═════ Provided information
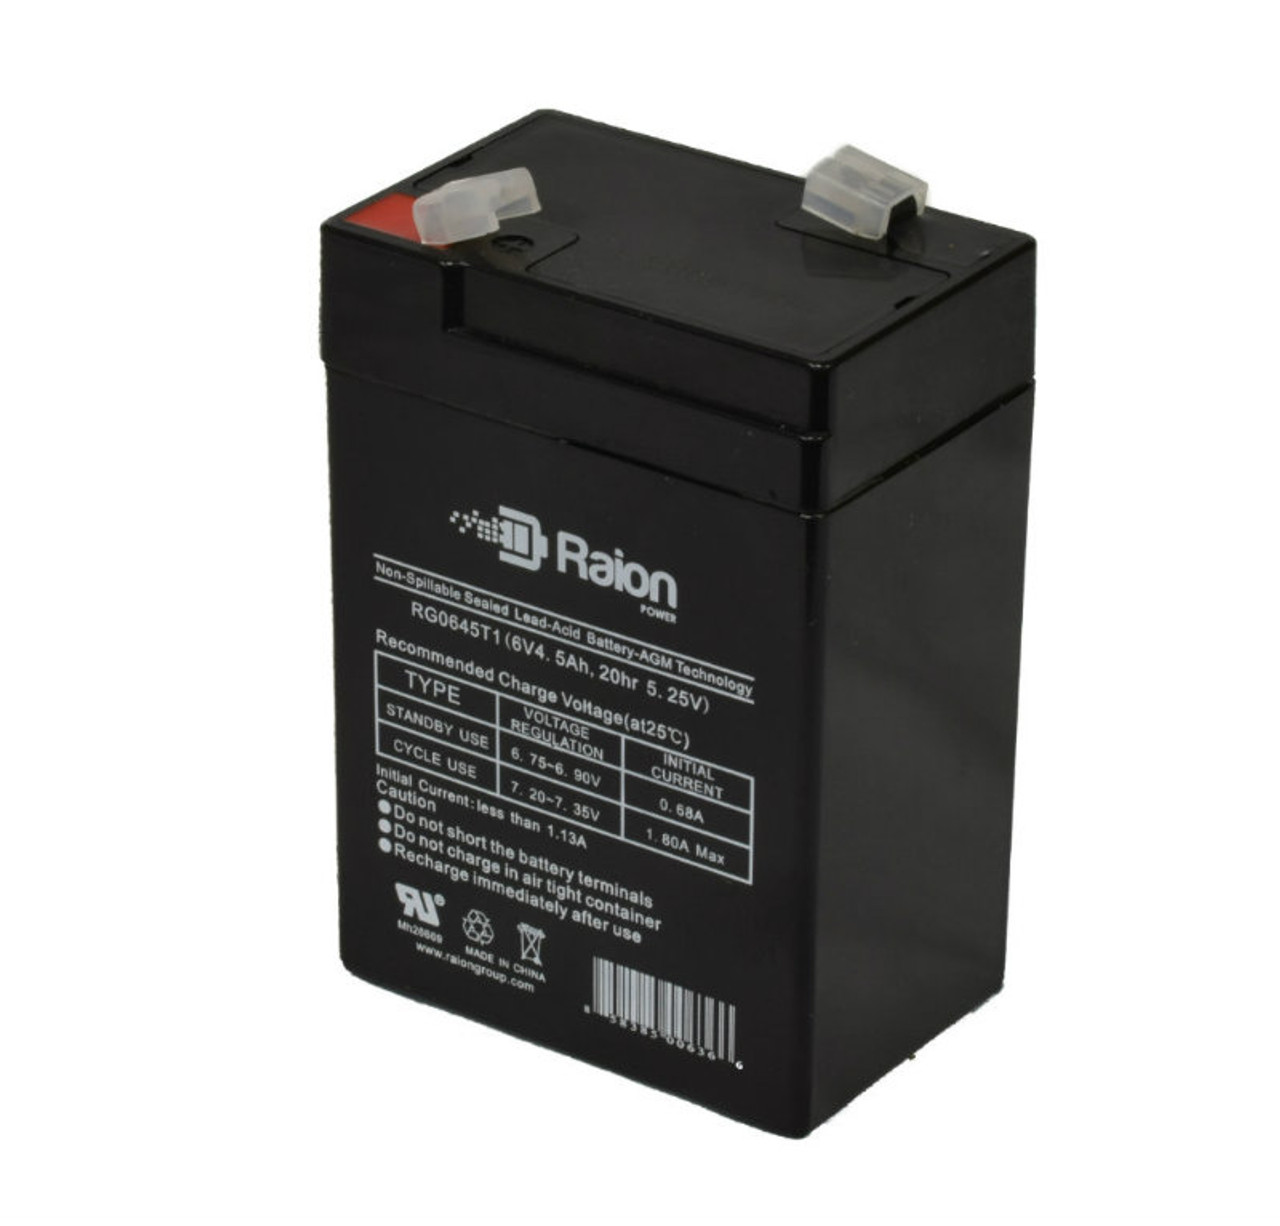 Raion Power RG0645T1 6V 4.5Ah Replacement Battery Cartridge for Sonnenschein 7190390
══════════
═════ Provided information
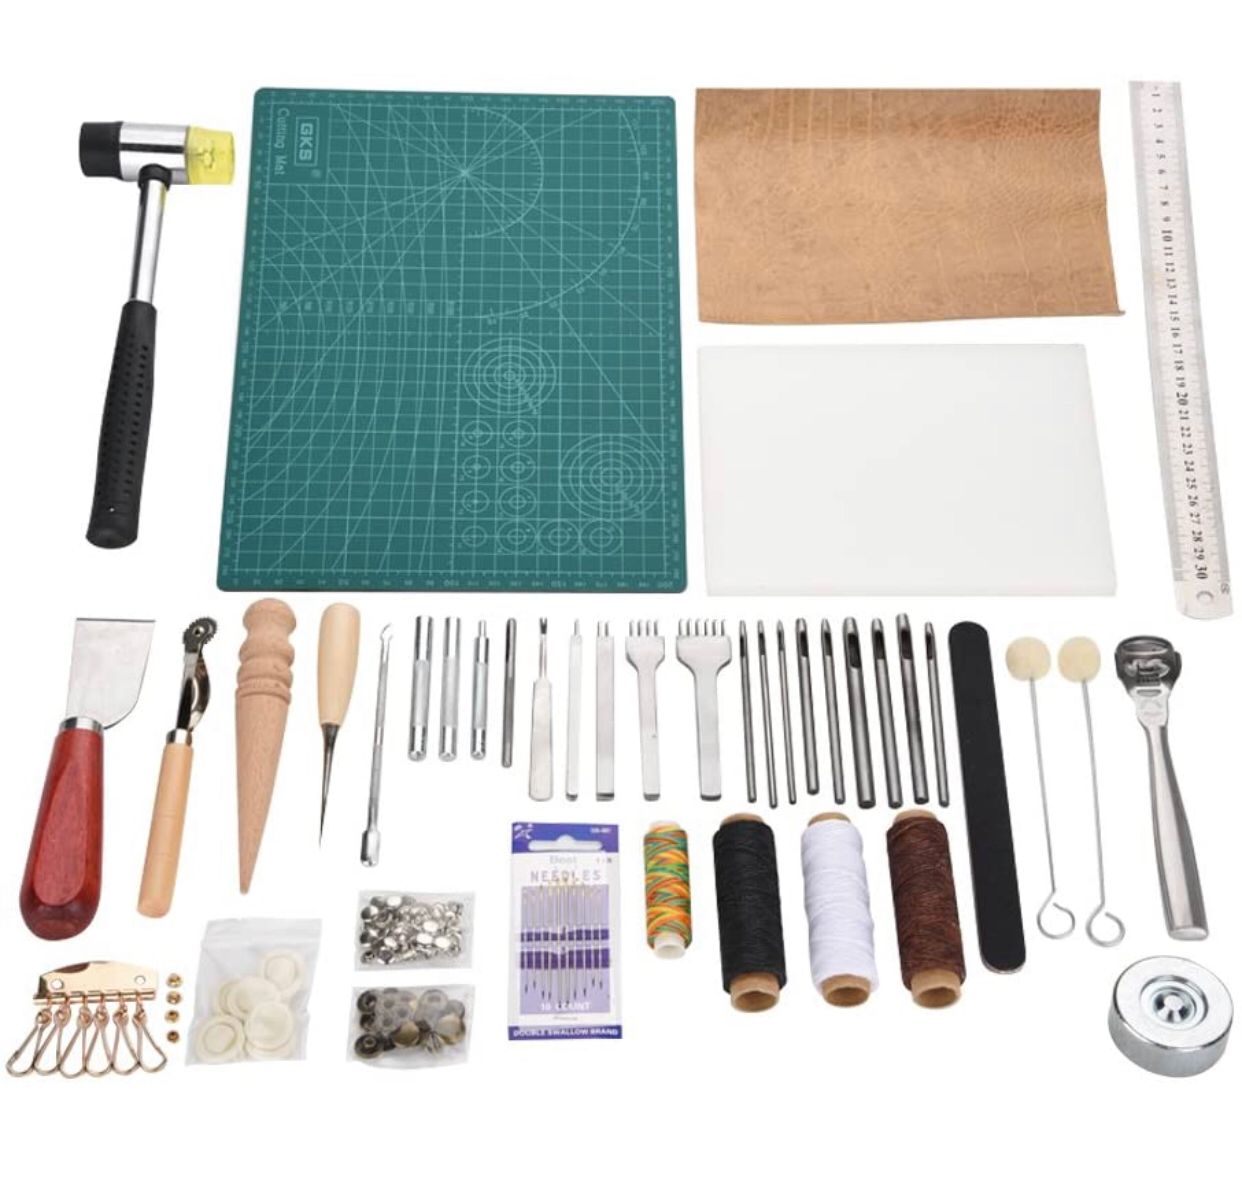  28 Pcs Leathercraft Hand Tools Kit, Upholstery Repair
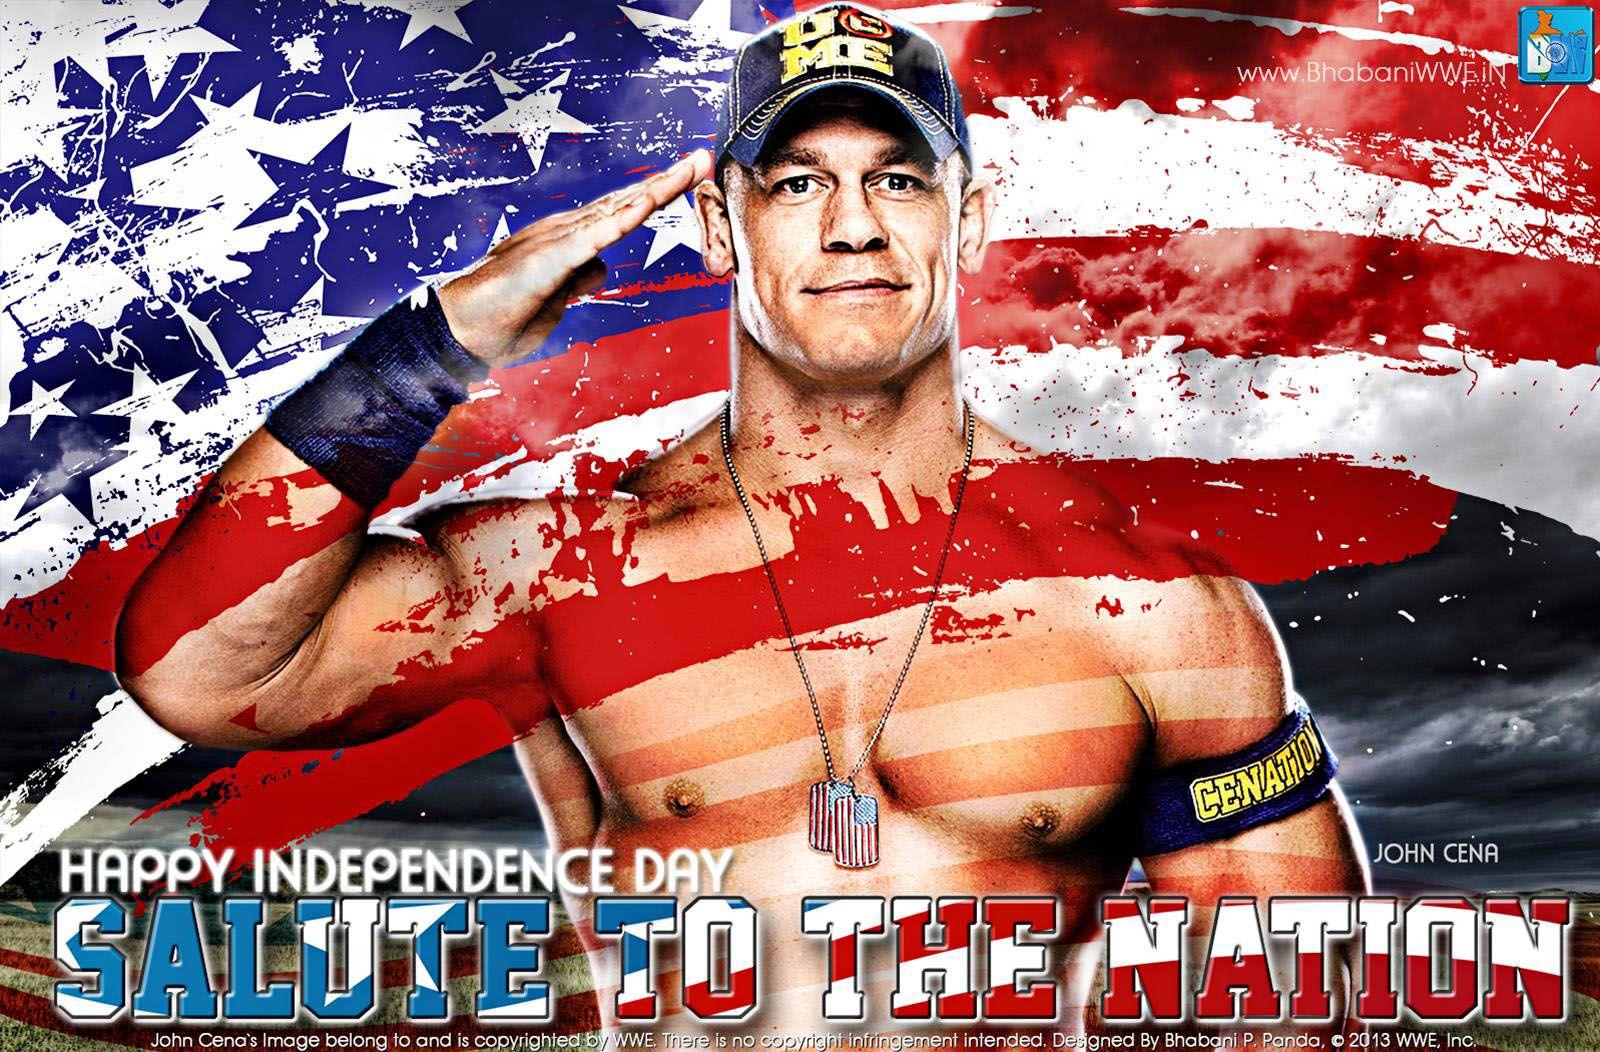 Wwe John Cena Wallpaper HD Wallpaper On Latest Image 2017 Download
══════════
| Task statement |
Above are some entries; copy exactly the lines from the line with "28 Pcs Leathercraft" through the line with "Wwe John Cena", both included, but none of the pictures.

| Response box |
  28 Pcs Leathercraft Hand Tools Kit, Upholstery Repair
 Wwe John Cena Wallpaper HD Wallpaper On Latest Image 2017 Download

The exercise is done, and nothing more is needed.